Support multistream of shared experts in FusedMoE #997

sdmyzlp · 2025-05-29T01:46:51Z

Contains on #1111 for completeness.

What this PR does / why we need it?

Implement multi-stream parallelism for MoE layers with shared experts, where computation of shared experts will be overlapped with expert token dispatch and combine. Also, when multi-stream is enabled, weights of shared experts will be force to replicate across all cards, regardless of any tensor parallelism configurations, to avoid AllReduce operations.

With the expected overlaping being:

| shared gate_up | shared act |              | shared down |
|    dispatch    | routed gate_up, act, down |   combine   |

Does this PR introduce any user-facing change?

No.

How was this patch tested?

Tested on 1x16 910 node, with tailored 2 layer DSKv2.

MengqingCao · 2025-05-30T02:34:20Z

You can run bash format.sh locally to fix lint failures

sdmyzlp · 2025-05-30T07:24:12Z

You can run bash format.sh locally to fix lint failures

Done, with mypy error code import-not-found locally disabled for vllm_ascend/utils.py.

ganyi1996ppo · 2025-05-30T09:51:48Z

@sdmyzlp Can you upload the profiling graph on this part? so we can have a more intuisive perspective on this PR.

ganyi1996ppo · 2025-05-30T09:58:19Z

vllm_ascend/ops/fused_moe.py

@@ -83,11 +85,20 @@ def fused_experts_with_mc2(
    }
    kwargs.update(stage1_kwargs)

+    if shared_experts is not None:


Have you tried to launch this after the dispatch op? If the dispatch will block enough time on the first stream, launch this after it seems can better overlap the execution part over host side right?

Fixed, with all secondary-stream operations launched after the corresponding main-stream operation.

By the way, this patch only means to implement multi-stream shared experts for graph mode decode, operations will still be executed sequentially otherwise. One may extend npu_switch_stream / npu_wait_tensor in future to support eager mode multi-stream functionality.

sdmyzlp · 2025-06-03T08:49:00Z

@sdmyzlp Can you upload the profiling graph on this part? so we can have a more intuisive perspective on this PR.

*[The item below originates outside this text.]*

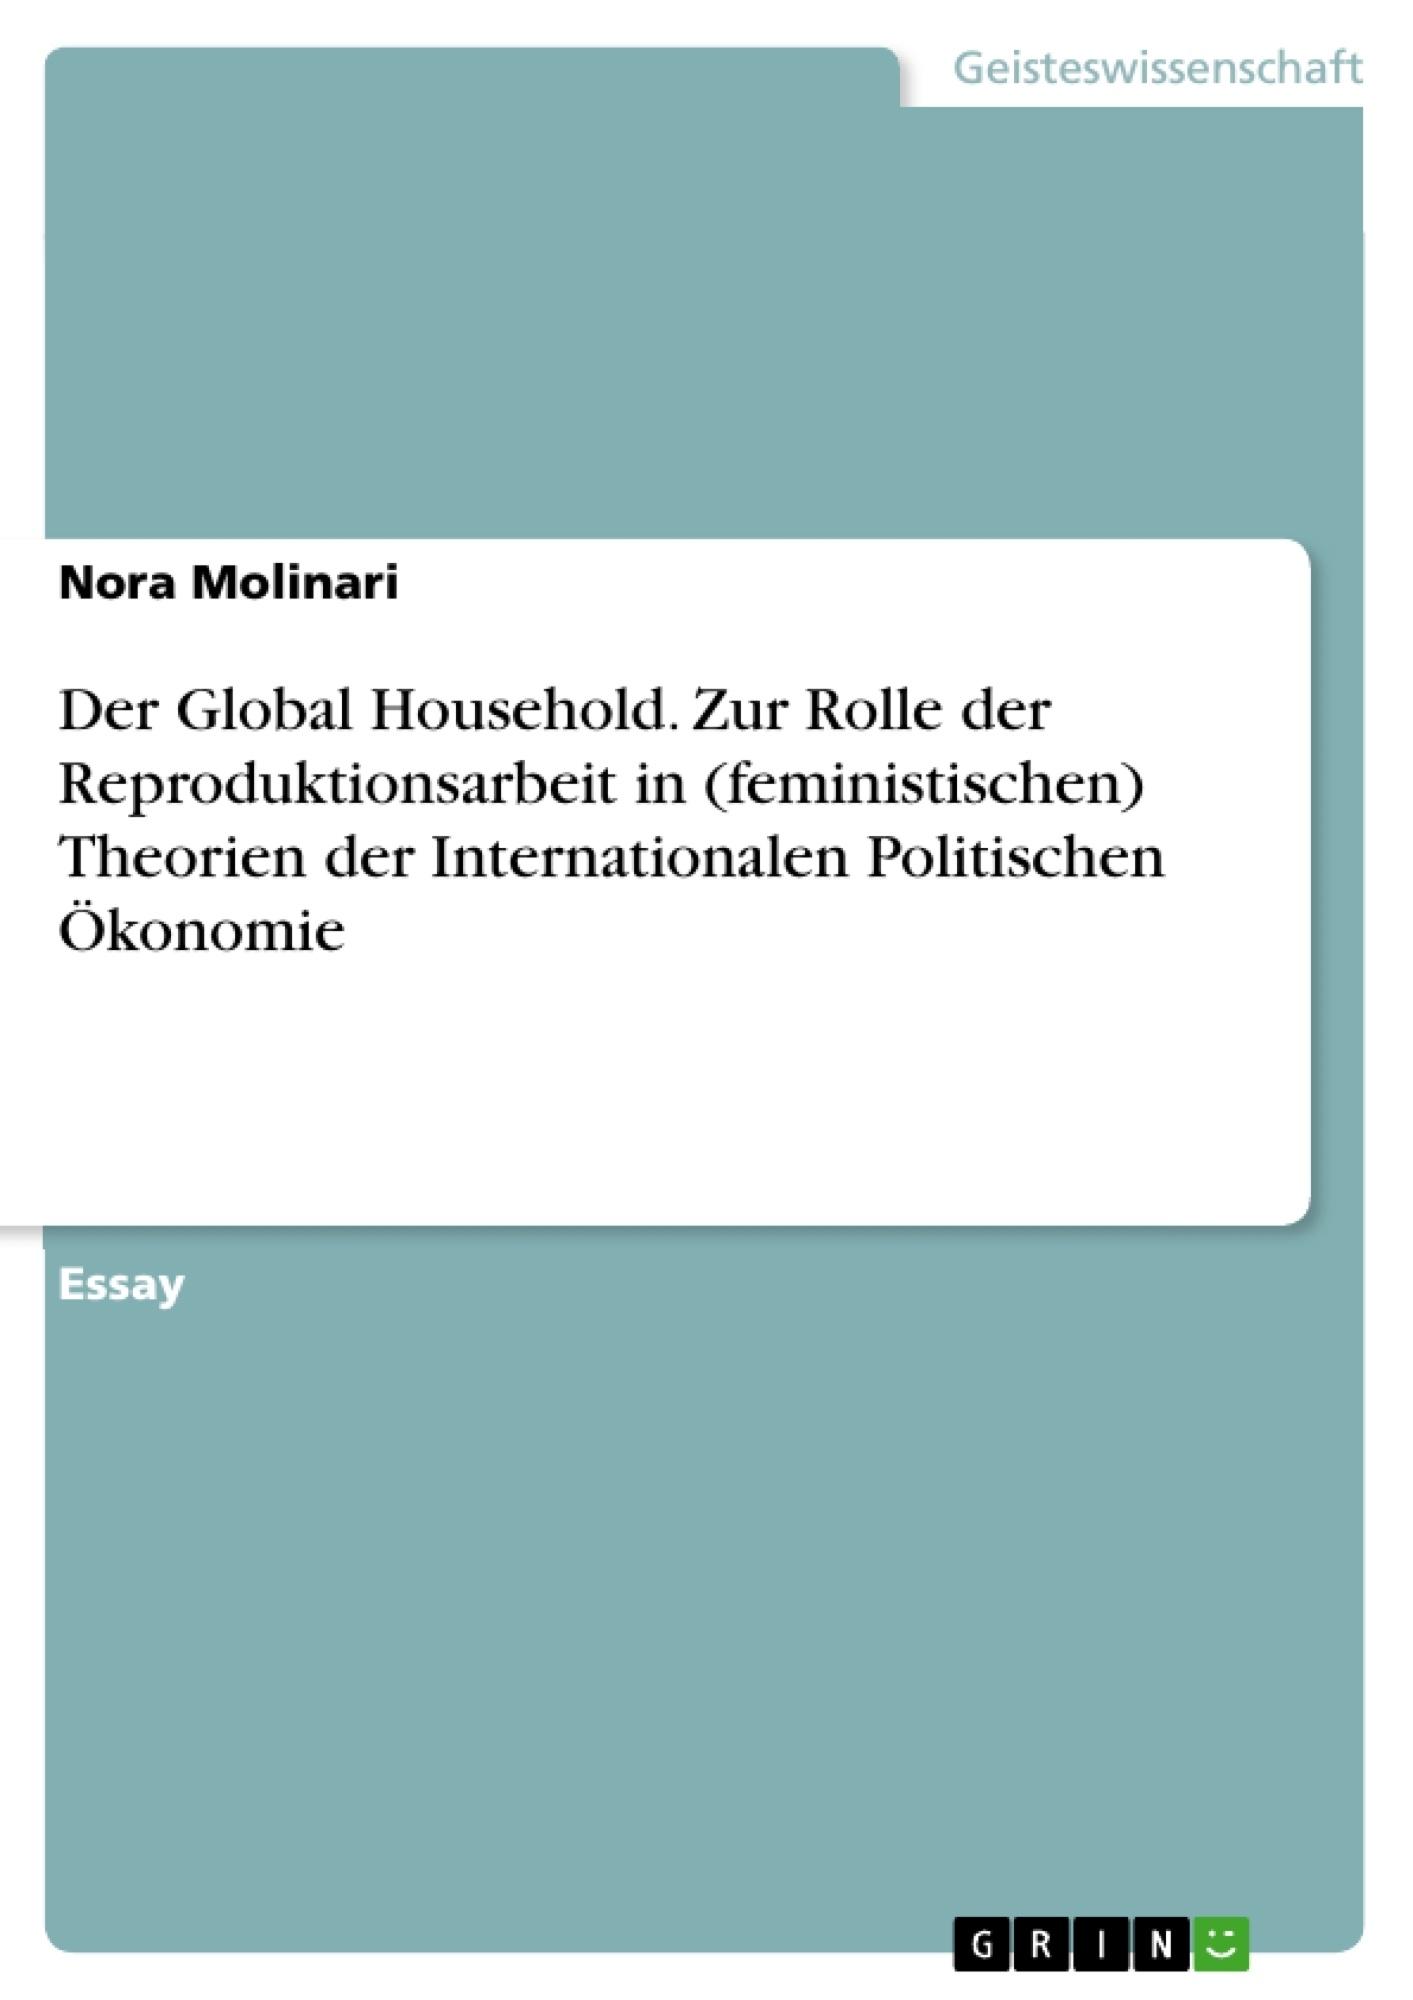 Titel: Der Global Household. Zur Rolle der Reproduktionsarbeit in (feministischen) Theorien der Internationalen Politischen Ökonomie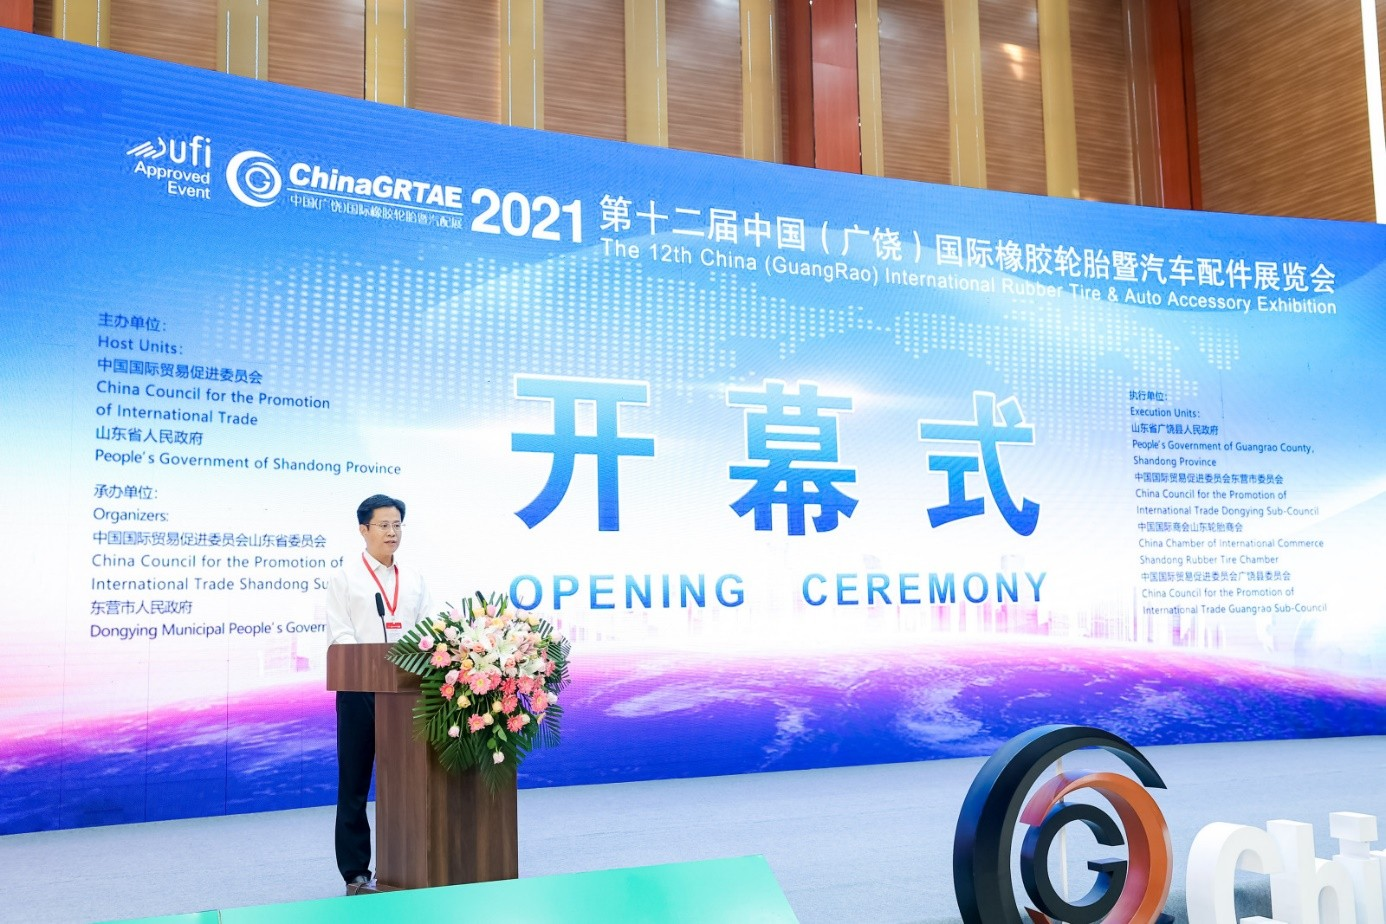 第十二届中国(广饶)国际橡胶轮胎暨汽车配件 展览会于9月8日隆重开幕

Described expected overlap using ascii in commit message, I have trouble uploading screenshot of the profiling.

github-actions · 2025-06-09T11:30:22Z

This pull request has conflicts, please resolve those before we can evaluate the pull request.

github-actions · 2025-06-10T00:41:37Z

This pull request has conflicts, please resolve those before we can evaluate the pull request.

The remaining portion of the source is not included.